To fully develop their upper back muscles and prevent the aforementioned health issues, I always encourage my clients to incorporate a selection of lower trap exercises into their workout routine.

Here are my top picks for the most effective ones.

Quick Summary

  • Effective trap exercises include Y-raises, shrug dips, face pulls, and more.
  • Activating your lower trap muscles before exercising is crucial for proper muscle engagement.
  • According to National Library of Medicine research, the trapezius muscle is a diamond-shaped structure comprising upper, middle, and lower groups of muscle fibers.
  • Based on my years of training clients, I've seen firsthand how lower trap exercises can significantly reduce shoulder issues and improve posture.

7 Best Lower Trap Exercises for a More Defined Back

Close up shot of a person flexing his back muscles after lower trap exercises

Lower trap exercises are crucial for building stability in your torso and upper body during big lifts and for improving your overall posture and health.

Since it’s a muscle responsible for this focused tension (stability), you first need to establish the muscle-mind connection and activate this part of the trapezius muscle before exercise.

I've seen many clients transform their upper-body strength and posture dramatically by incorporating this strategy.

Strengthening the lower traps is especially important for athletes in sports like archery and swimming, where shoulder stability is crucial for performance and injury prevention.

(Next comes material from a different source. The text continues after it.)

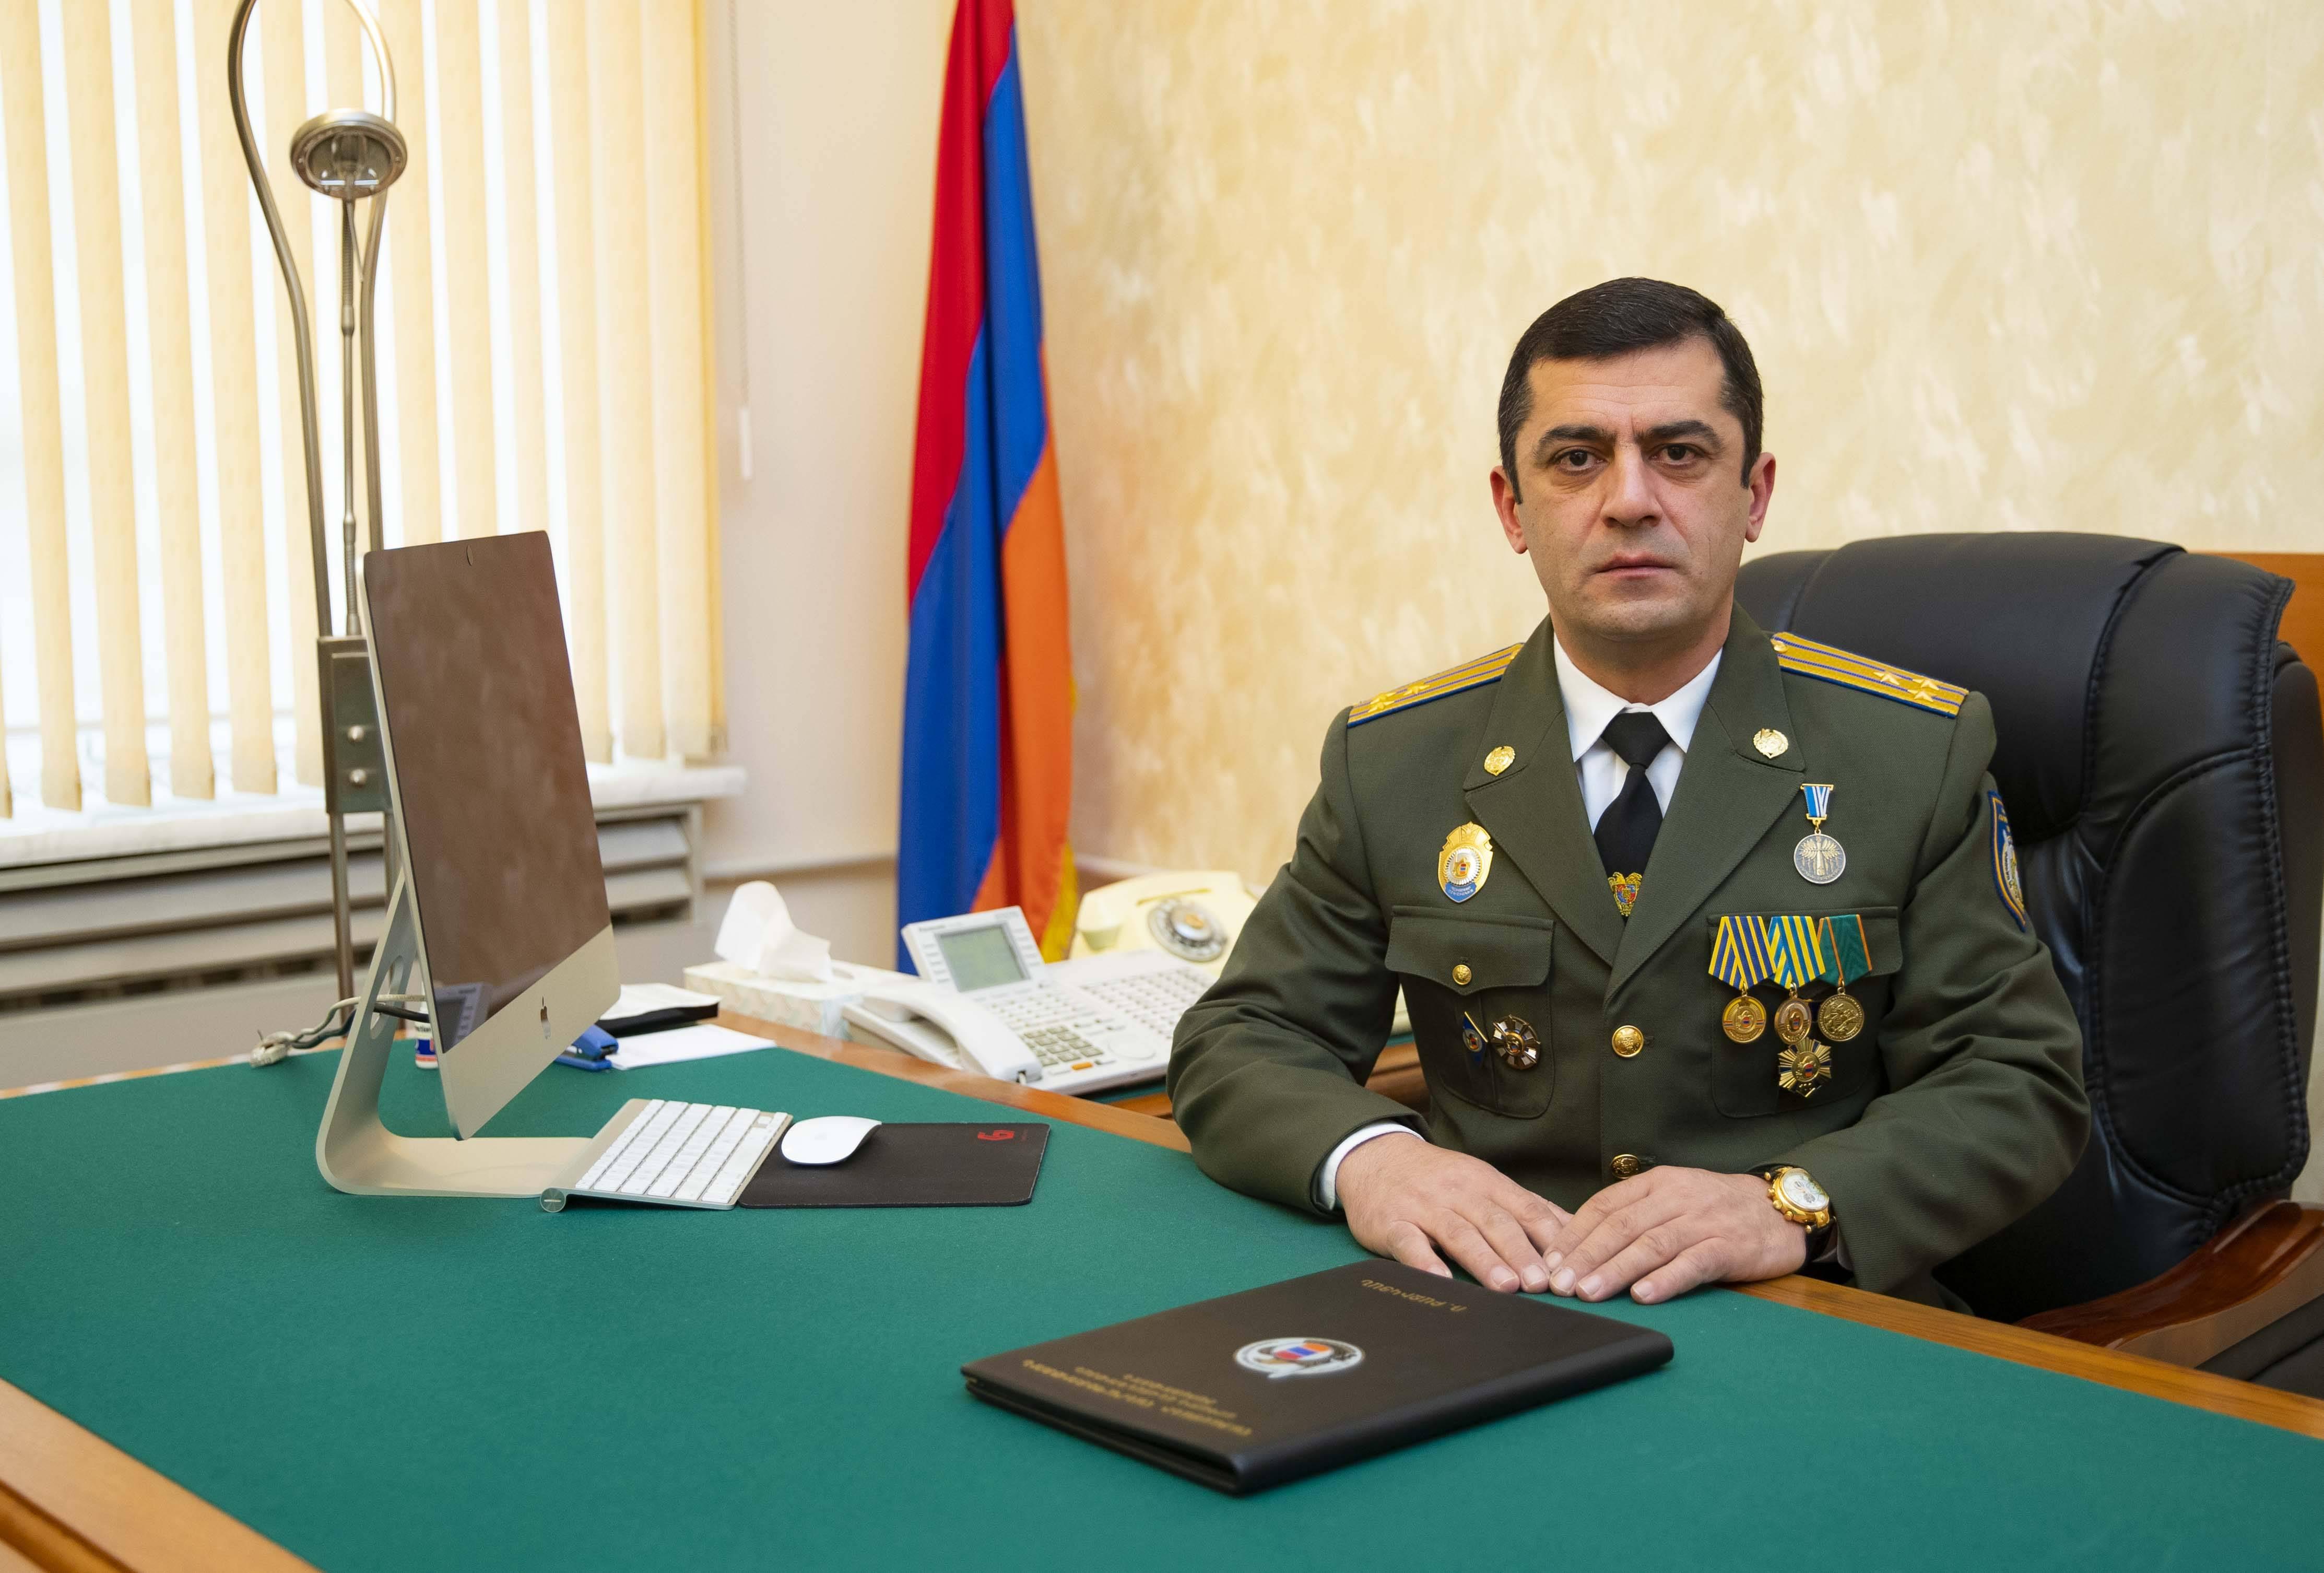 Ermənistan Milli Təhlükəsizlik Şurasının direktor müavini işdən çıxarıldı

4-Step Lower Trap Activation

To engage the lower traps, follow these four steps:

  1. Upward rotation: Extend your arms out in opposite directions.
  2. Retraction: Bring your arms back, squeezing your scapulae (shoulder blade).
  3. Posterior tilt: Rotate your palms towards the back, pointing your thumbs towards the floor, and extending as far as possible.
  4. Feel the contraction: Focus on the squeeze around your shoulder blades.

Now, for these exercises, you will need access to a top-quality cable machine, parallel bars, and dumbbells. Let’s dive right in.


1. Y-Raises

A person doing Y raises in the gym
  • Stand with your feet hip-width apart and hold light weights in each hand.
  • Raise your arms up and out to form a “Y” shape, keeping your elbows straight.
  • Hold for a few seconds, then lower the weights back down.
  • Repeat for several reps, keeping the shoulders down.

2. Face Pulls

  • Attach rope or band to the chest-height cable machine.
  • Grasp the rope with both hands and step back for tension.
  • Pull the rope towards the face, keeping elbows high.
  • Squeeze the scapula together (engage your rear delts and traps), then return to starting position.

3. Shrug Dips

A person doing shrug dips in the gym
  • Hold parallel bars with arms straight and feet suspended.
  • Lower shoulders as far as possible, then raise towards ears.
  • Hold shrug at the top for a second, then lower back down.
  • Repeat for several reps, engaging lower traps and keeping shoulders down.

4. Farmer’s Carry/Walk

  • Hold heavy weights in each hand with shoulders down and back.
  • Walk forward with a tall posture, taking small, controlled steps.
  • Avoid swinging arms and walk for a certain distance or time.
  • Rest and repeat for several sets.

5. One-Arm Straight-Arm Pushdowns

A person doing one arm straight arm pushdowns
  • Attach a single-handled rope or bar to the shoulder-height cable machine.
  • Grasp the handle with one hand using a neutral grip and step away from the machine.
  • With knees slightly bent, pull the handle down towards the hip with the arm straight.
  • Slowly release the handle back to the starting position.

6. Reverse Shrugs

  • Stand with feet shoulder-width apart and hold light weights in each hand.
  • Raise arms to shoulder height, then lower shoulders down and back.
  • Raise shoulders towards ears, then forcefully push them back down.
  • Repeat for several reps, focusing on keeping shoulders down and back.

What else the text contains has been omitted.